In an interview, Maroulis said she was first approached about the project in 2018, the same year she had her first life-changing concussion that January. A wrestling partner’s mother was connected to director Dylan Mulick.

Maroulis agreed to the film in part to help spread mental health awareness in sports. Later, she cried while watching the 2020 HBO film, “The Weight of Gold,” on the mental health challenges that other Olympians faced, because it resonated with her so much.

“When you’re going through something, it sometimes gives you an anchor of hope to know that someone’s been through it before, and they’ve overcome it,” she said.

Maroulis’ comeback story hit a crossroads at the Olympic trials in April 2021, where the winner of a best-of-three finals series in each weight class made Team USA.

Maroulis won the opening match against Jenna Burkert, but then lost the second match. Statistically, a wrestler who loses the second match in a best-of-three series usually loses the third. But Maroulis pinned Burkert just 22 seconds into the rubber match to clinch the Olympic spot.

Shen then revealed that she tore an MCL two weeks earlier.

“They told me I would have to be in a brace for six weeks,” she said then. “I said, ‘I don’t have that. I have two and a half.’”

Maroulis said she later asked the director what would have happened if she didn’t make the team for Tokyo.
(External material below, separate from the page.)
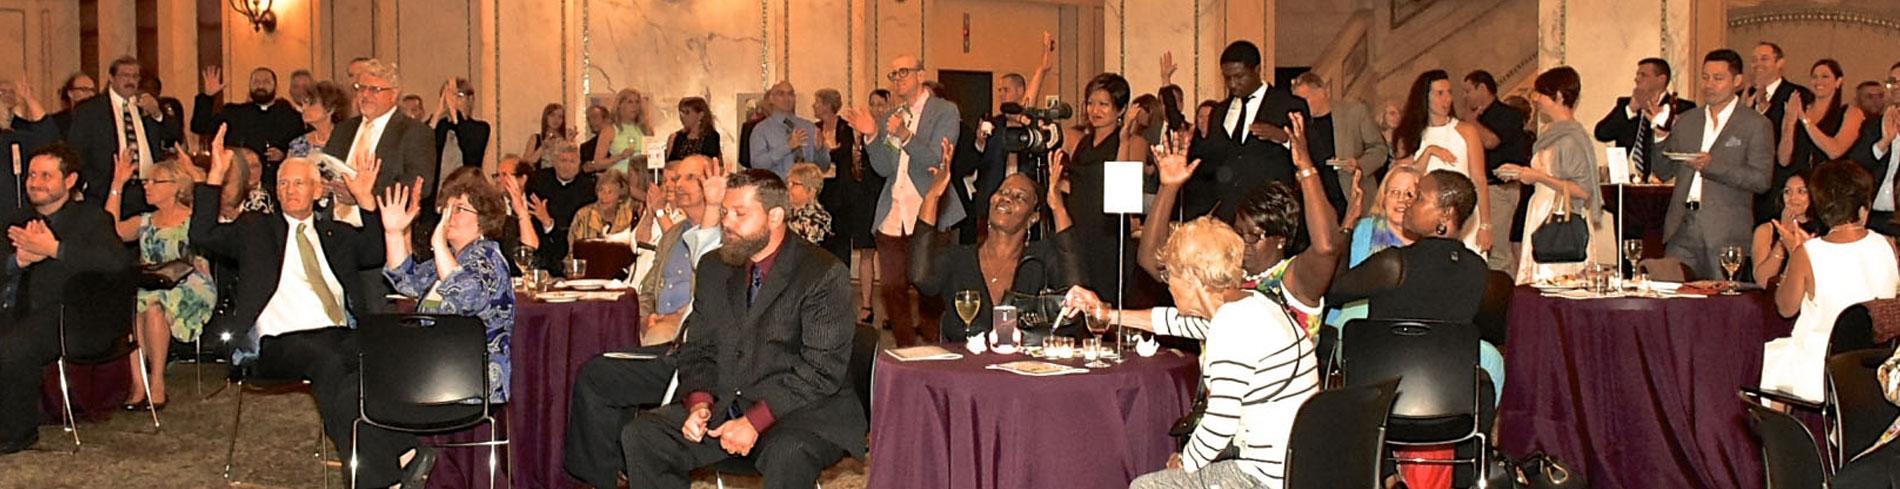 Un grupo de gente en un evento en apoyo de la Sociedad Auditiva de Chicago.

She was told the film still have been done.

“He had mentioned this isn’t about a sports story or sports comeback story,” Maroulis said. “This is about a human story. And we’re using wrestling as the vehicle to tell this story of overcoming and healing and rediscovering oneself.”

Maroulis said she was told that, during filming, the project was pitched to the production company of actor Chris Pratt, who wrestled in high school in Washington. Pratt signed on as a producer.

“Wrestling has made an impact on his life, and so he wants to support these kinds of stories,” said Maroulis, who appeared at last month’s Santa Barbara Film Festival with Pratt.

Pratt said he knew about Maroulis before learning about the film, which he said “needed a little help to get it over the finish line,” according to a public relations company promoting the film.

The film also highlights the rest of the six-woman U.S. Olympic wrestling team in Tokyo. Four of the six won a medal, including Tamyra Mensah-Stock‘s gold.

“I was excited to be part of, not just (Maroulis’) incredible story, but also helping to further advance wrestling and, in particular, female wrestling,” Pratt said, according to responses provided by the PR company from submitted questions. “To me, the most compelling part of Helen’s story is the example of what life looks like after a person wins a gold medal. The inevitable comedown, the trauma around her injuries, the PTSD, the drive to continue that is what makes her who she is.”

Maroulis, who now trains in Arizona, hopes to qualify for this year’s world championships and next year’s Olympics.

“I try to treat every Games as my last,” she said. “Now I’m leaning toward being done [after 2024], but never say never.”